Putting it all together


In [8]:
# new variable
filenames = sorted(glob.glob('data/weather*.csv'))

#overwrite 'filenames' with a different value to create a smaller slice 
#filenames = filenames[0:3]
#can add a '#' before code to not use it without deleting it

for f in filenames:
    print (f)
    #loop across individual file names in 'filenames' and indent lines below so that it is part of the loop
    
    data = numpy.loadtxt(fname=f, delimiter=',')
    
    if numpy.max (data, axis=0)[0] == 0 and numpy.max (data, axis=0)[20] == 20:
        print ('suspicious looking maxima')
    elif numpy.sum(numpy.min(data, axis=0)) ==0:
        print ('minimum add to zero')
    else:
        print ('data looks ok')
    #if the first data point is o and the 20th one is 20 or if all the data is 0, hen there is something wrong otherwise carry on
    #shows message over graph
    
    # create a wide figure to hold the sublots
    fig = matplotlib.pyplot.figure (figsize=(10.0, 3.0))

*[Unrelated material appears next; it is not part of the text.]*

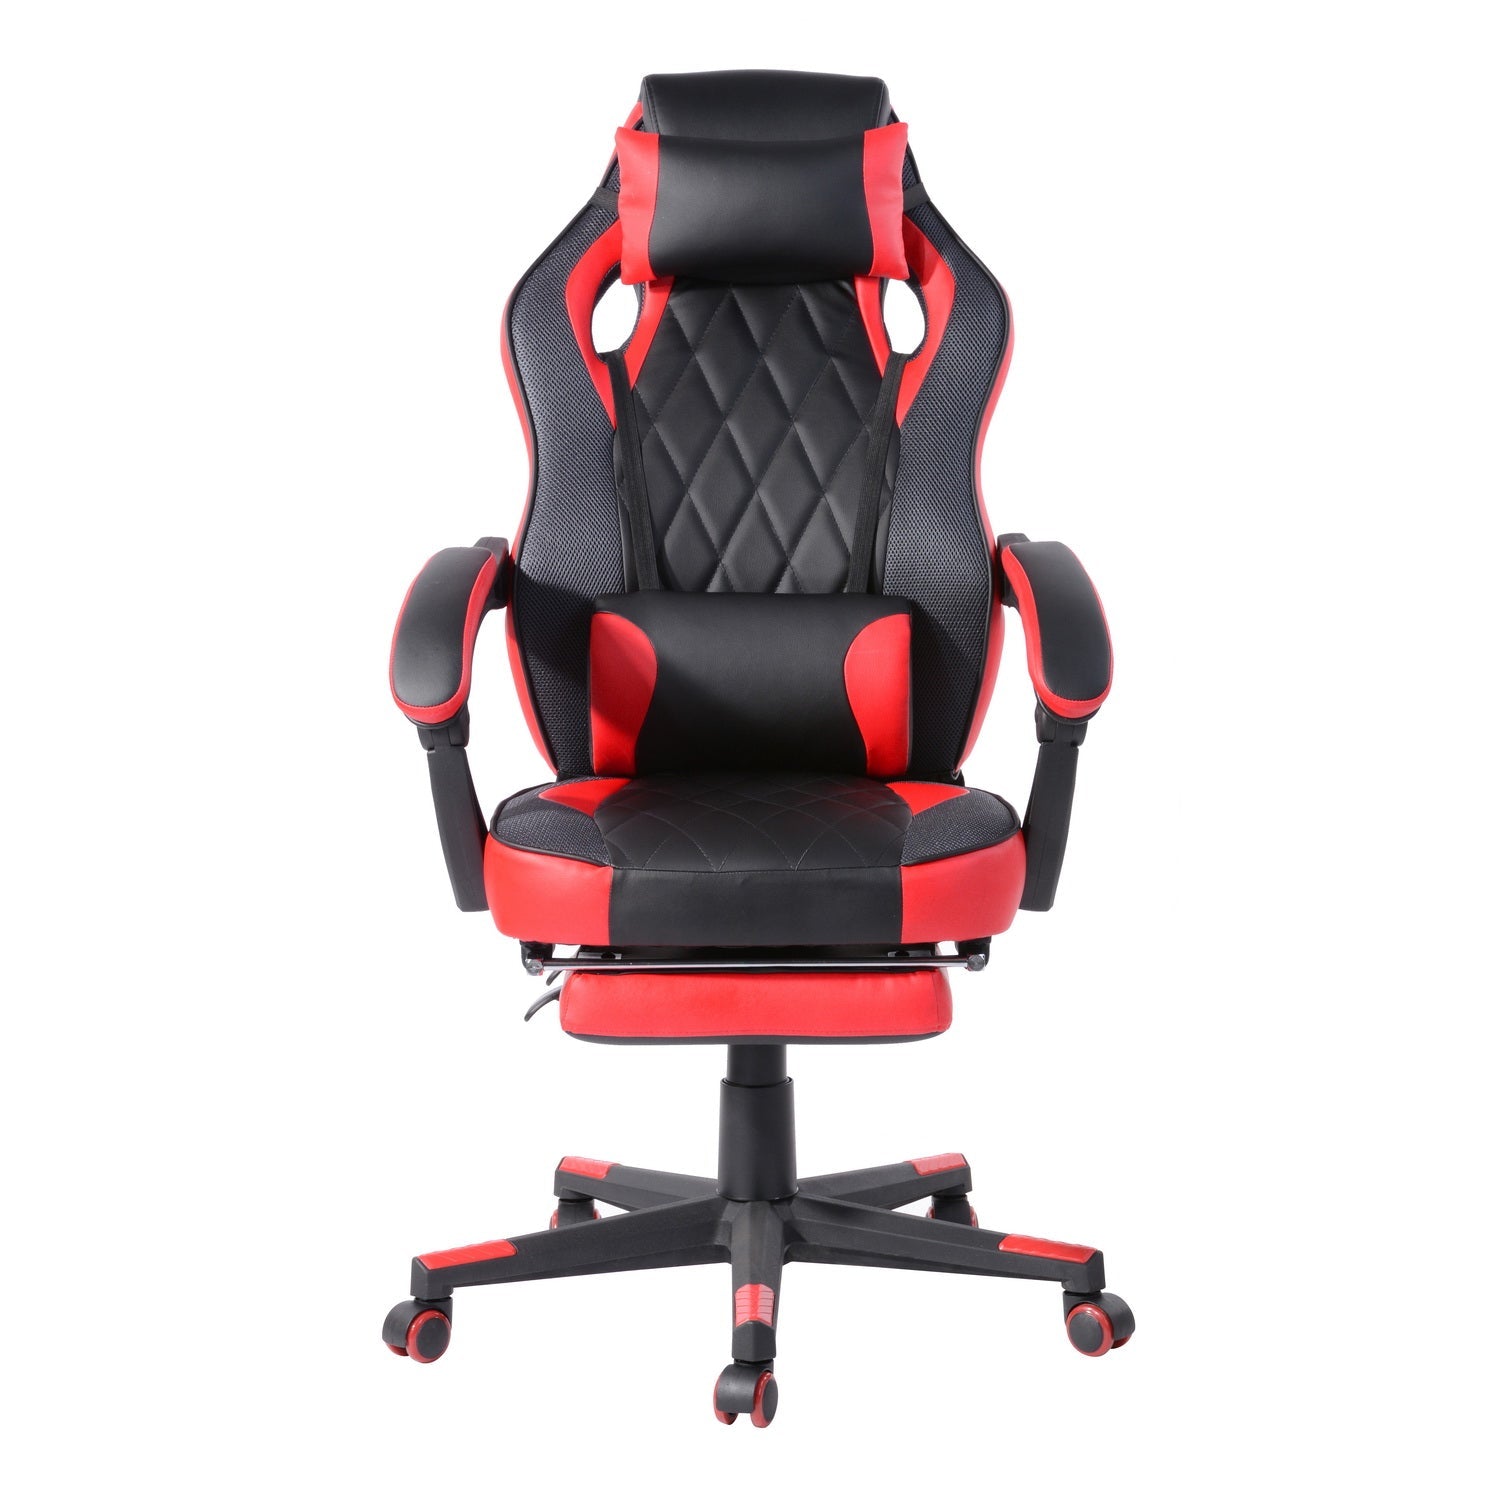 Burgendy Red Game Chairs

    # create placeholder for plots
    subplot1 = fig.add_subplot(1,3,1)
    subplot2 = fig.add_subplot(1,3,2)
    subplot3 = fig.add_subplot(1,3,3)

    subplot1.set_ylabel('average')
    subplot1.plot(numpy.mean(data, axis=0))

    subplot2.set_ylabel('max')
    subplot2.plot(numpy.max(data, axis=0))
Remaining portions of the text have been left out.